Вид на Киево-Печерский монастырь. Современное фото

Весело на другой день праздновали русские Лазарево воскресение и Благовещение, а в воскресенье пошли дальше. В страстной понедельник собралось опять множество половцев, и обступили полки русские на реке Салнице. Когда полки русские столкнулись с полками половецкими, то раздался точно гром, брань была лютая, и много падало с обеих сторон; наконец, выступили Владимир и Давыд с своими полками; увидавши их, половцы бросились бежать и падали пред полком Владимировым, невидимо поражаемые ангелом; многие люди видели, как головы их летели, ссекаемые невидимою рукою. Святополк, Владимир и Давыд прославили бога, давшего им такую победу на поганых; русские взяли полона много – скота, лошадей, овец и колодников много побрали руками. Победители спрашивали пленных: «Как это вас была такая сила, и вы не могли бороться с нами, а тотчас побежали?» Те отвечали: «Как нам с вами биться? Другие ездят над вами в бронях светлых и страшных и помогают вам». Это ангелы, прибавляет летописец, от бога посланные помогать христианам; ангел вложил в сердце Владимиру Мономаху возбудить братьев своих на иноплеменников. Так, с божиею помощию, пришли русские князья домой, к своим людям со славою великою, и разнеслась слава их по всем странам дальним, дошла до греков, венгров, ляхов, чехов, дошла даже до Рима.

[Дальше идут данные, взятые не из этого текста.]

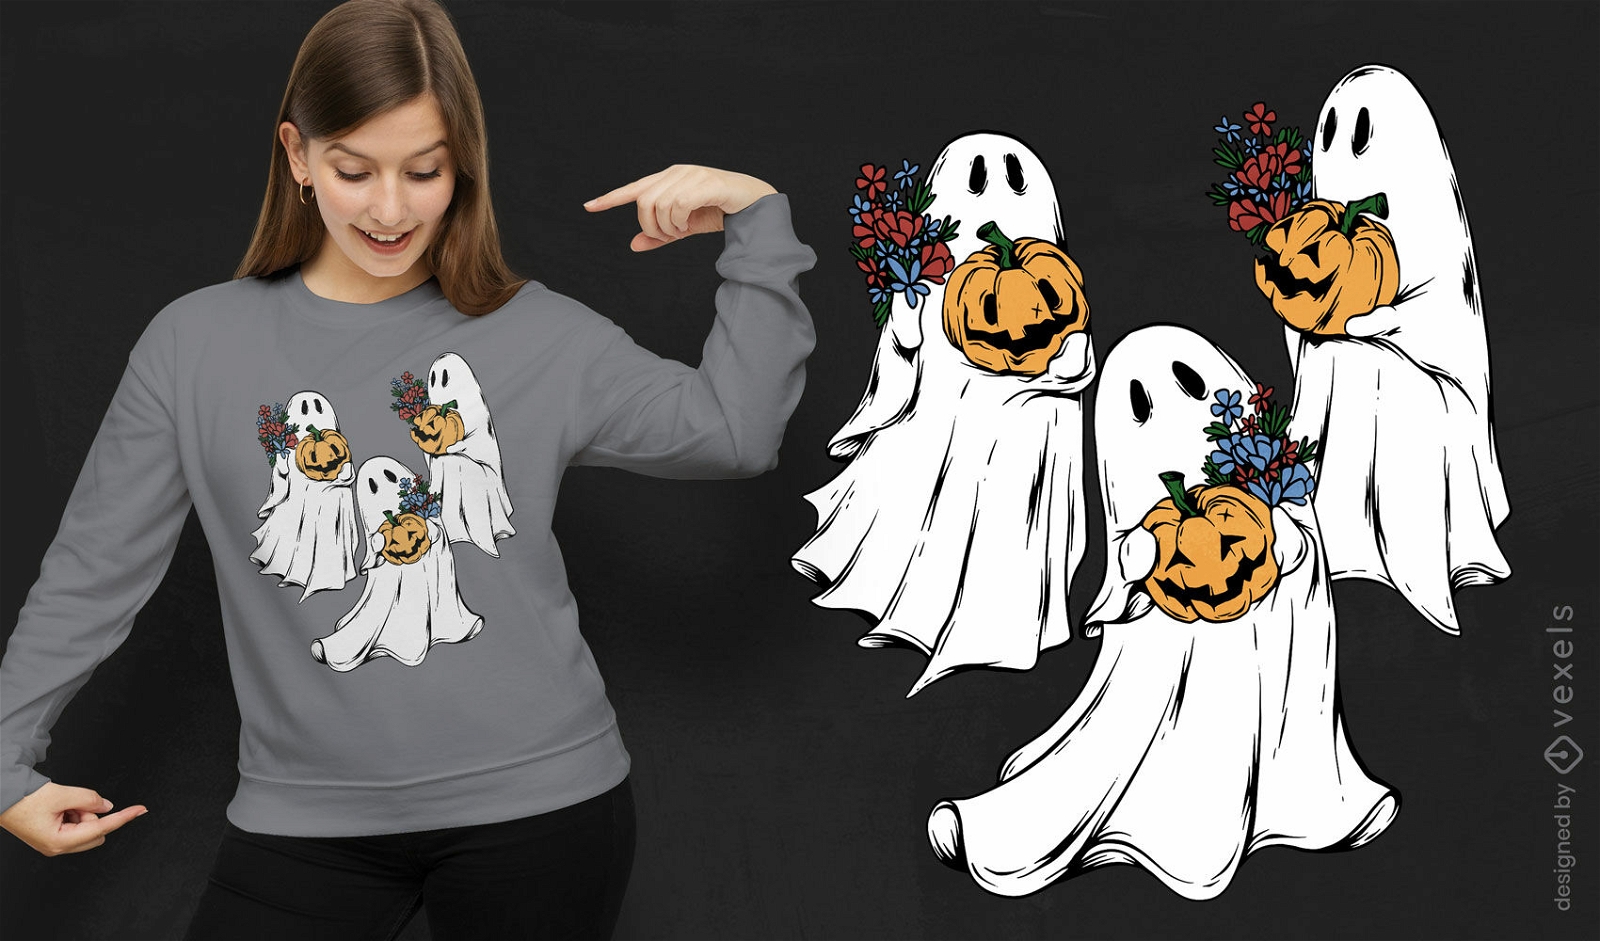 Ghost and pumpkins halloween t-shirt design

Мы привели известие летописца о донском походе князей на половцев со всеми подробностями, чтоб показать, какое великое значение имел этот поход для современников. Времена Святослава Старого вышли из памяти, а после никто из князей не ходил так далеко на восток, и на кого же? На тех страшных врагов, которые Киев и Переяславль не раз видели под своими стенами, от которых бегали целые города; половцы побеждены не в волостях русских, не на границах. Но в глубине степей своих; отсюда понятно религиозное одушевление, с каким рассказано событие в летописи: только ангел мог внушить Мономаху мысль о таком важном предприятии, ангел помог русским князьям победить многочисленные полчища врагов; слава похода разнеслась по дальним странам; понятно, как она разнеслась на Руси и какую славу заслужил главный герой предприятия, тот князь, которому ангел вложил мысль возбудить братьев к этому походу; Мономах явился под особенным покровительством неба; пред его полком, сказано, падали половцы, невидимо поражаемые ангелом. И надолго остался Мономах в памяти народной как главный и единственный герой донского похода, долго ходило предание о том, как пил он Дон золотым шеломом, как загнал окаянных агарян за Железные ворота.

‹…›

Мы вправе ожидать, что половцам и другим степным ордам стало не легче, когда Мономах сел на старшем столе русском. Узнавши о смерти Святополка, половцы явились было на восточных границах; но Мономах, соединившись с Олегом, сыновьями своими и племянниками, пошел на них и принудил к бегству. В 1116 году видим опять наступательное движение русских: Мономах послал сына своего Ярополка, а Давыд – сына своего Всеволода на Дон, и князья эти взяли у половцев три города. Ряд удачных походов русских князей, как видно, ослабил силы половцев и дал подчиненным торкам и печенегам надежду освободиться от их зависимости; они встали против половцев, и страшная резня происходила на берегах Дона: варвары секлись два дня и две ночи, после чего торки и печенеги были побеждены, прибежали в Русь и были поселены на границах. Но движения в степях не прекращались: в следующем году пришли в Русь беловежцы, также жители донских берегов; так русские границы населялись варварскими народами разных названий, которые будут играть важную роль в нашем дальнейшем рассказе; но сначала, как видно, эти гости были очень беспокойны, не умели отвыкнуть от своих степных привычек и уживаться в ладу с оседлым народонаселением: в 1120 году Мономах принужден был выгнать берендеев из Руси, а торки и печенеги бежали сами. Ярополк после того ходил на половцев за Дон, но не нашел их там: недаром предание говорит, что Мономах загнал их на Кавказ. Новгородцы и псковичи продолжали воевать с чудью на запад от Чудского озера: в 1116 году Мстислав взял город Оденпе, или Медвежью голову, погостов побрал бесчисленное множество и возвратился домой с большим полоном; сын его Всеволод в 1122 году ходил на финское племя ямь и победил его; но дорога была трудна по дороговизне хлеба. На северо-востоке борьба с иноплеменниками шла также удачно: прежде мы встречали известия о поражениях, которые претерпевали муромские волости от болгар и мордвы, но теперь под 1120 годом читаем, что сын Мономахов, Юрий, посаженный отцом в Ростовской области, ходил по Волге на болгар, победил их полки, взял большой полон и пришел назад с честью и славою.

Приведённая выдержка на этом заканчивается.